* DATASET CONTENT
========================================================================

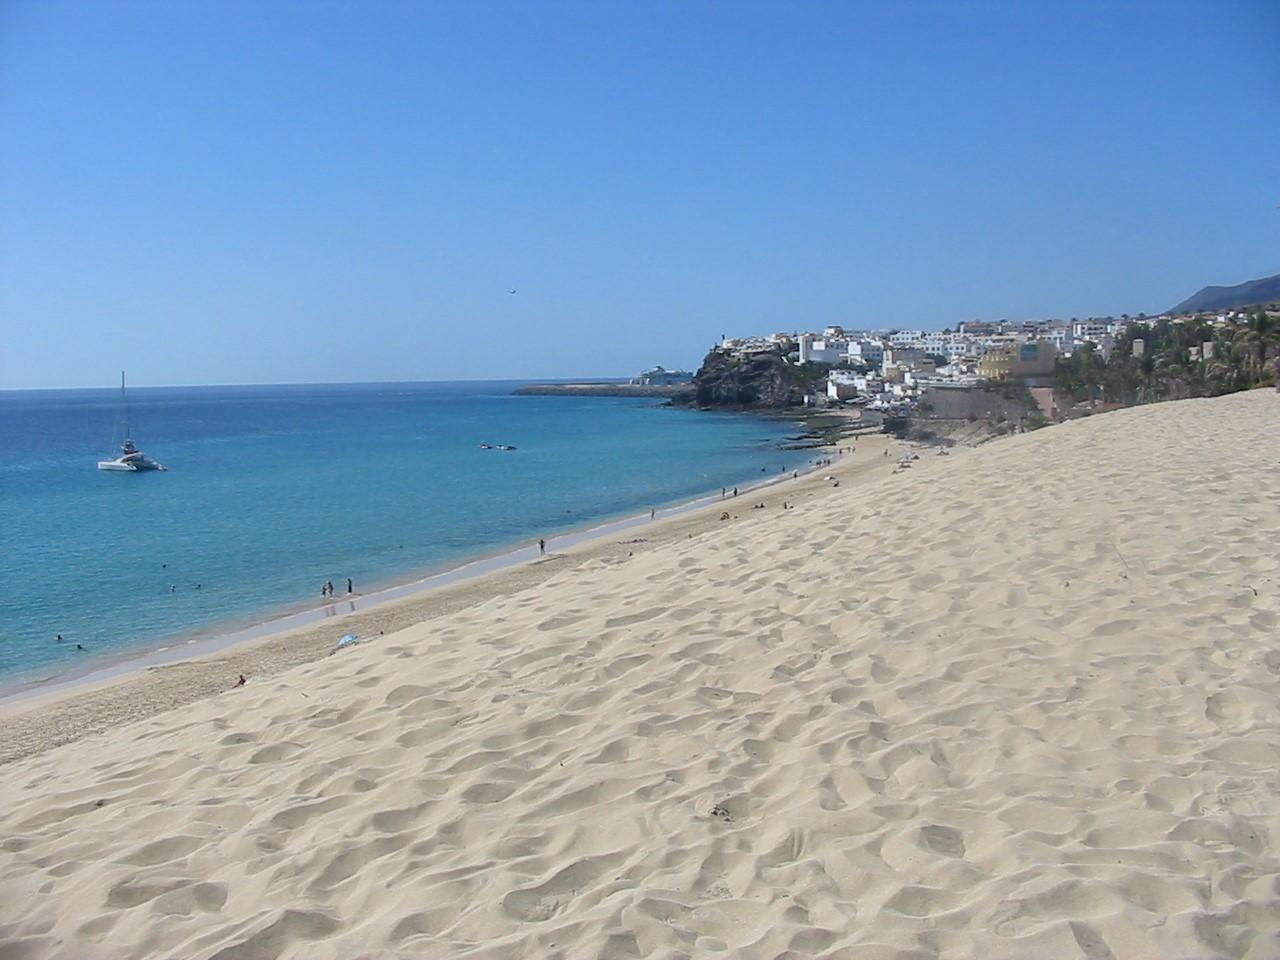 Ferienwohnung Bungalow mit Charme  nahe dem Strand und dem Meer, mit großem Terrasse 25 m. WIFI (497106), Costa Calma, Fuerteventura, Kanarische Inseln, Spanien, Bild 30
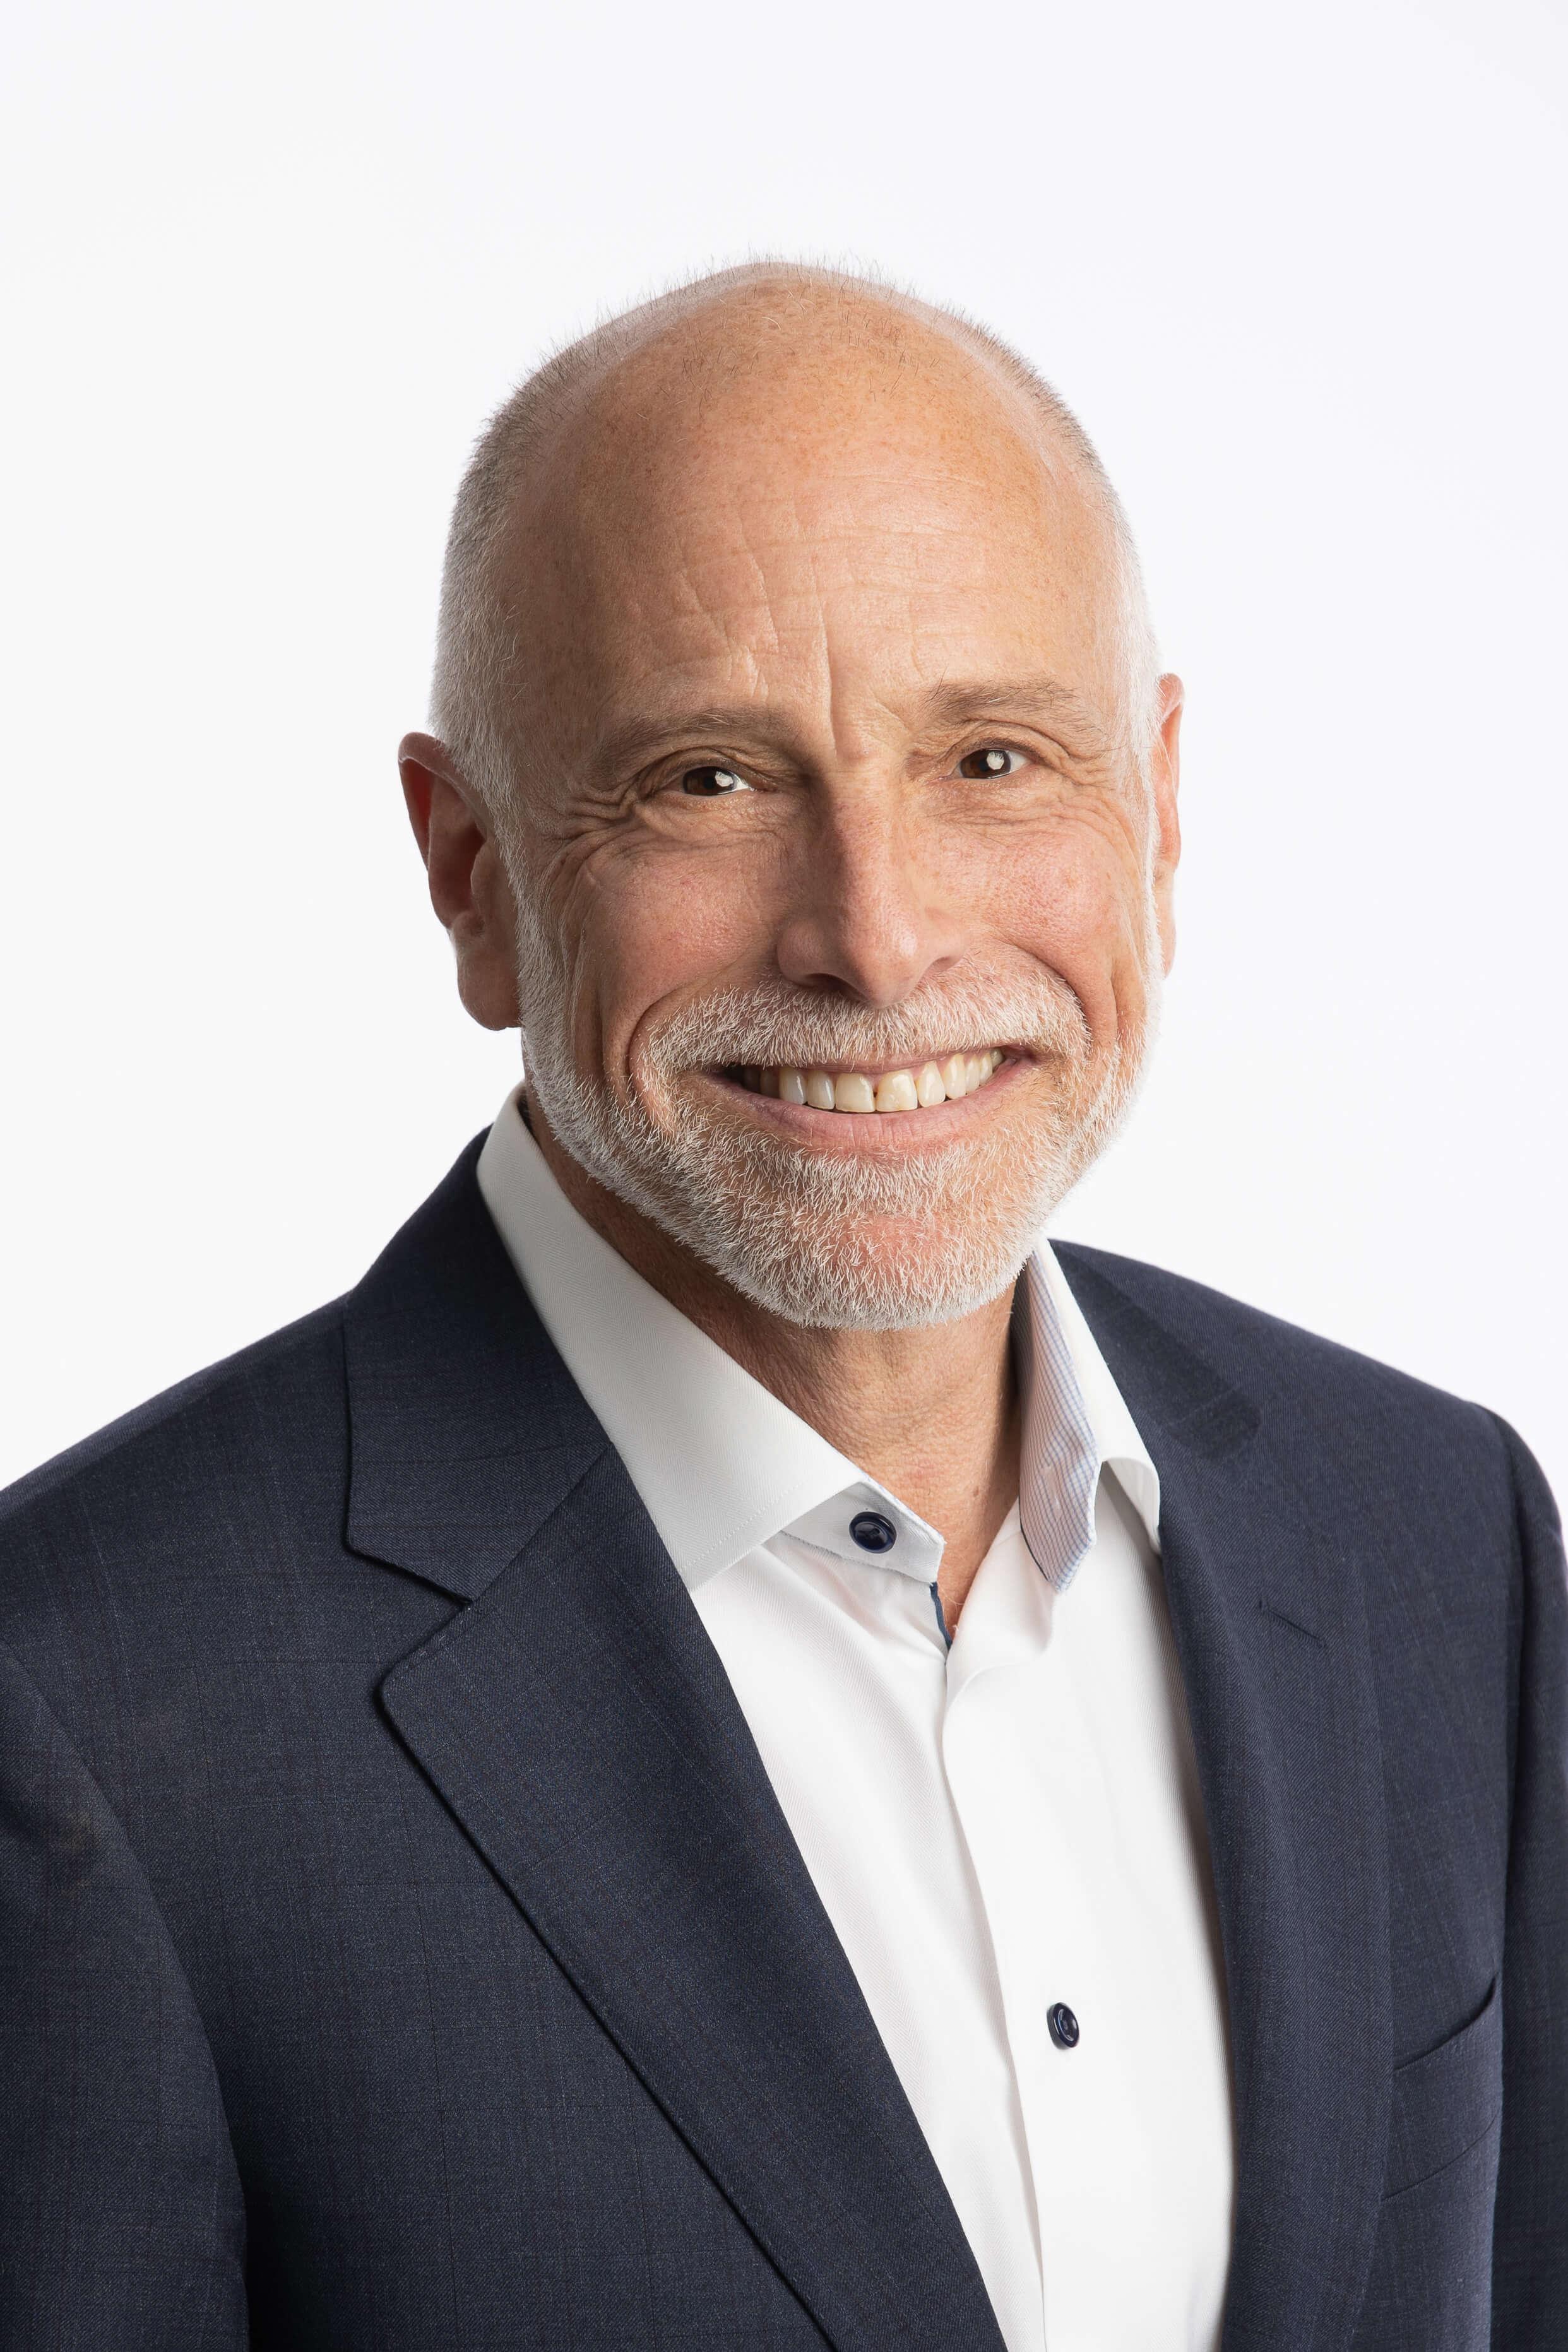 David Yarosh
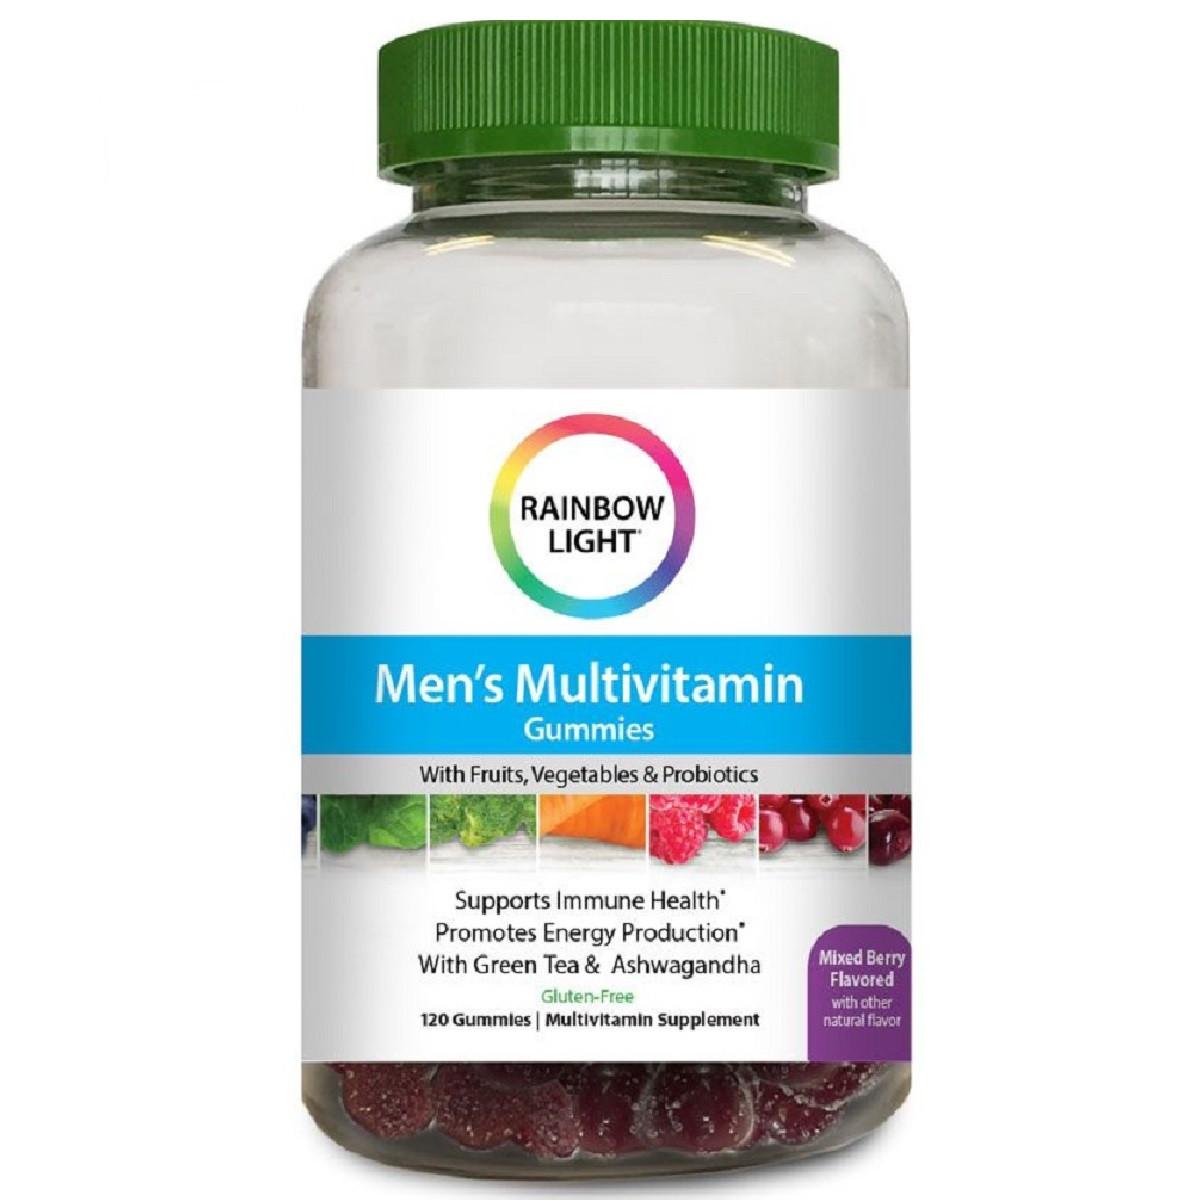 Мужские Мультивитамины, Поддержка Иммунитета, Rainbow Light, 100 жевательных таблеток

========================================================================

All lines from the one containing "David Yarosh" to the last line of the data above, both included, should be printed exactly, and the pictures should not appear.

 David Yarosh
 Мужские Мультивитамины, Поддержка Иммунитета, Rainbow Light, 100 жевательных таблеток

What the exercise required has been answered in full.